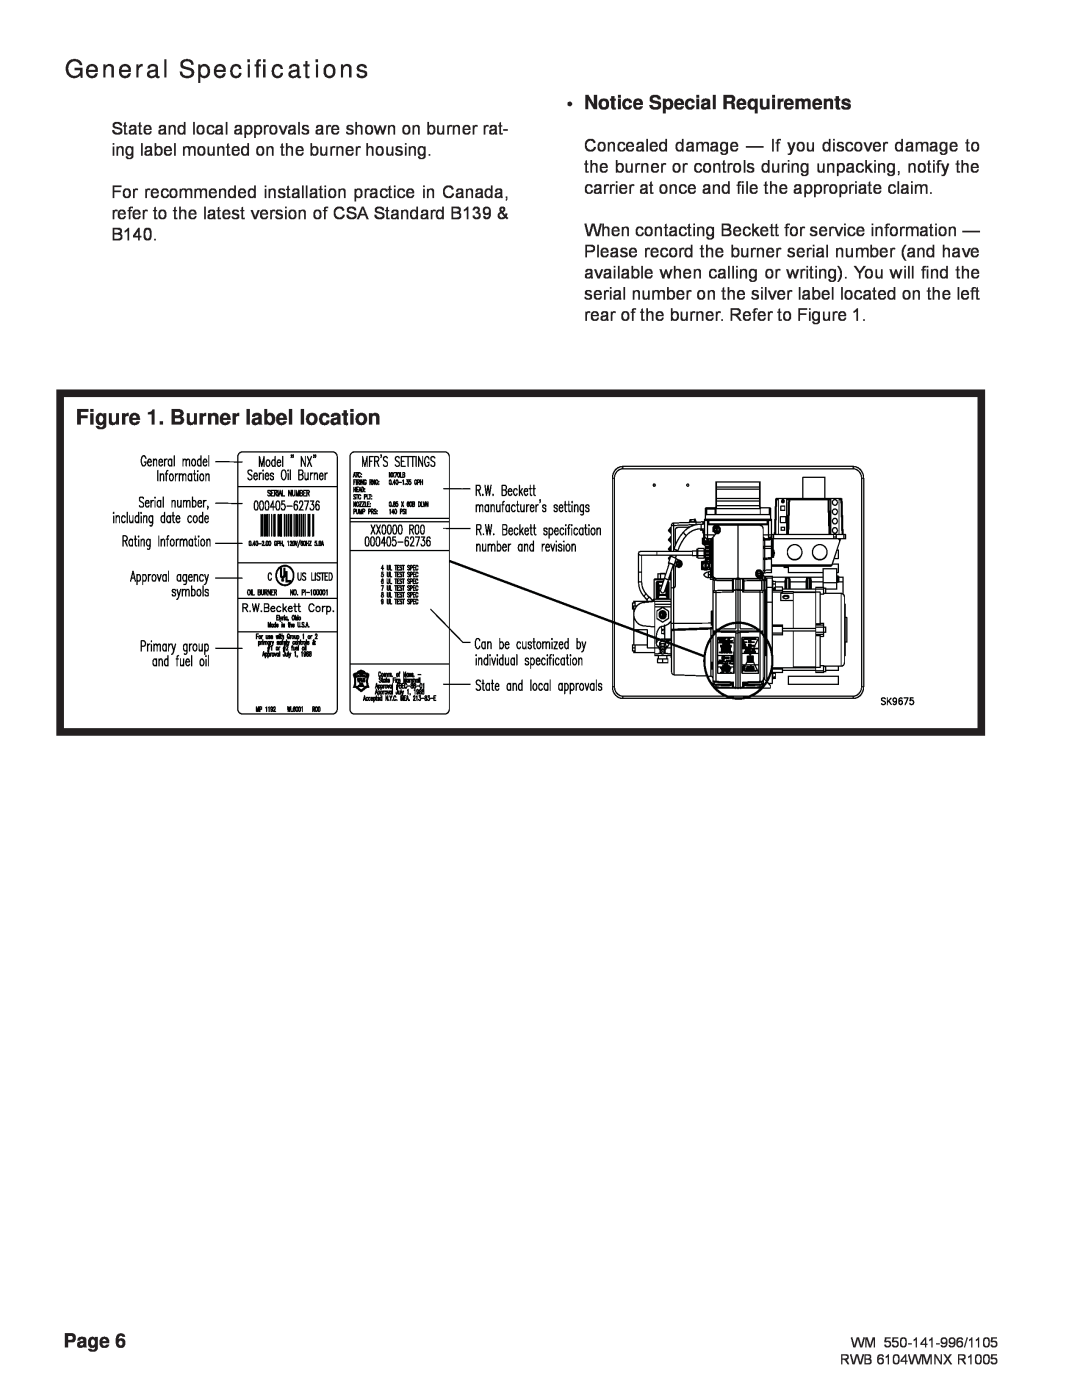 Weil-McLain NX manual Burner label location, Notice Special Requirements, General Speciﬁcations, Page 
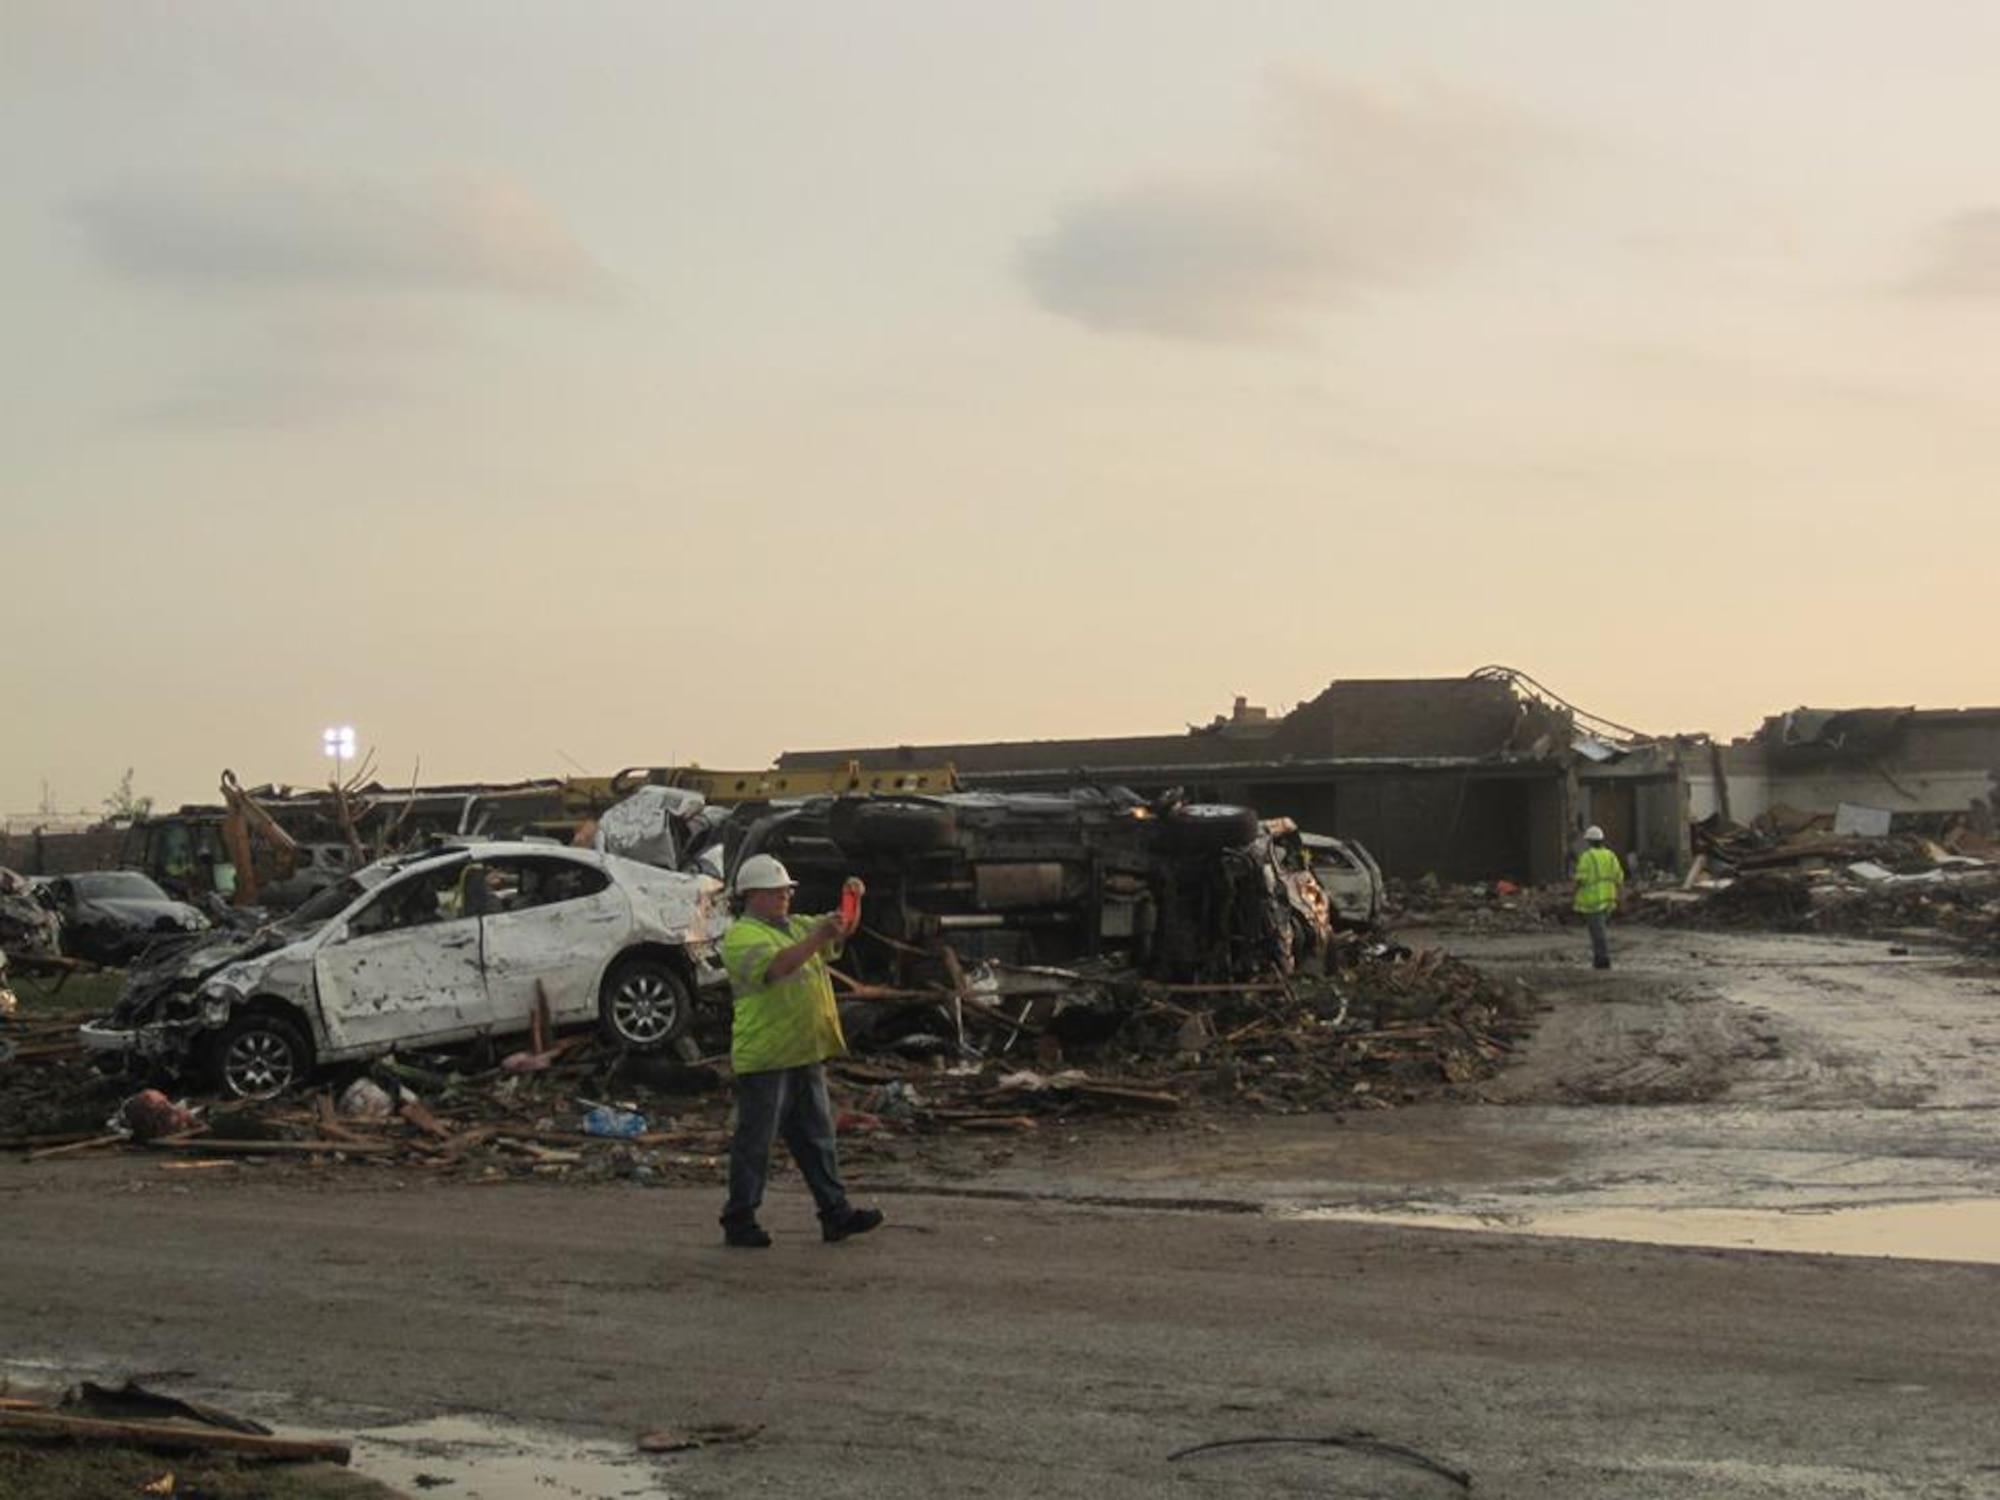 Workers survey the site of a school leveled by a massive 1.3-mile-wide tornado that touched down in Moore, Okla., May 20. (U.S. Air Force photo/Staff Sgt. Brandi Smith)
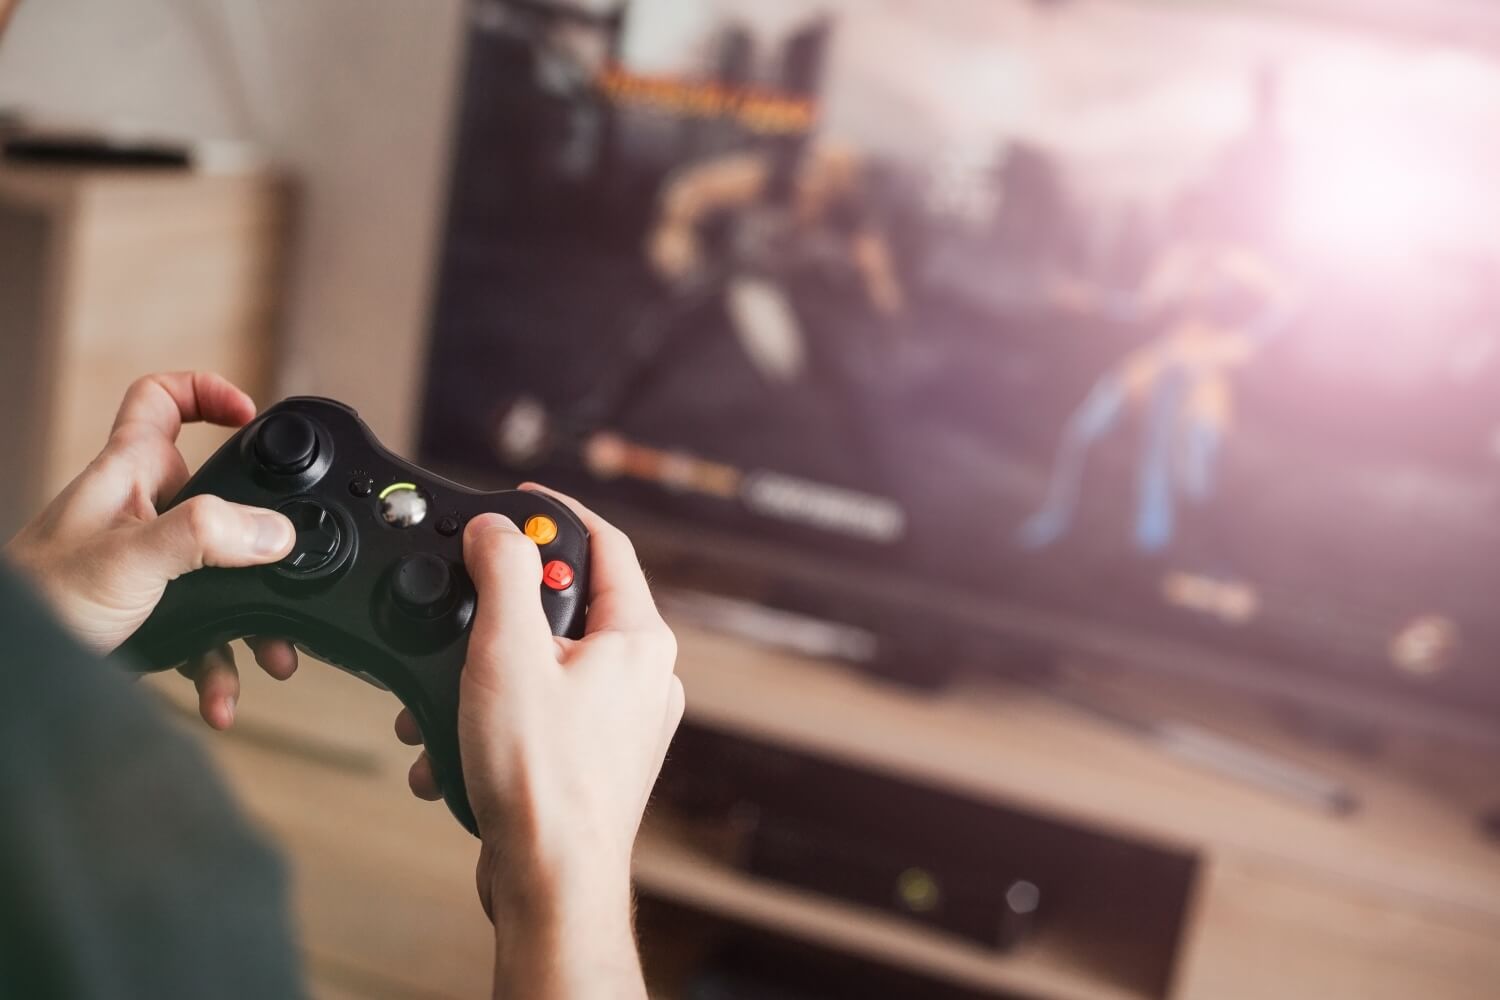 Video game spending reaches record high during pandemic

──────

:: Exercise instructions ::
A faithful copy of all the data above is required, printed exactly and with no pictures.

:: Answer space ::
 Weil-McLain NX manual Burner label location, Notice Special Requirements, General Speciﬁcations, Page 
 Workers survey the site of a school leveled by a massive 1.3-mile-wide tornado that touched down in Moore, Okla., May 20. (U.S. Air Force photo/Staff Sgt. Brandi Smith)
 Video game spending reaches record high during pandemic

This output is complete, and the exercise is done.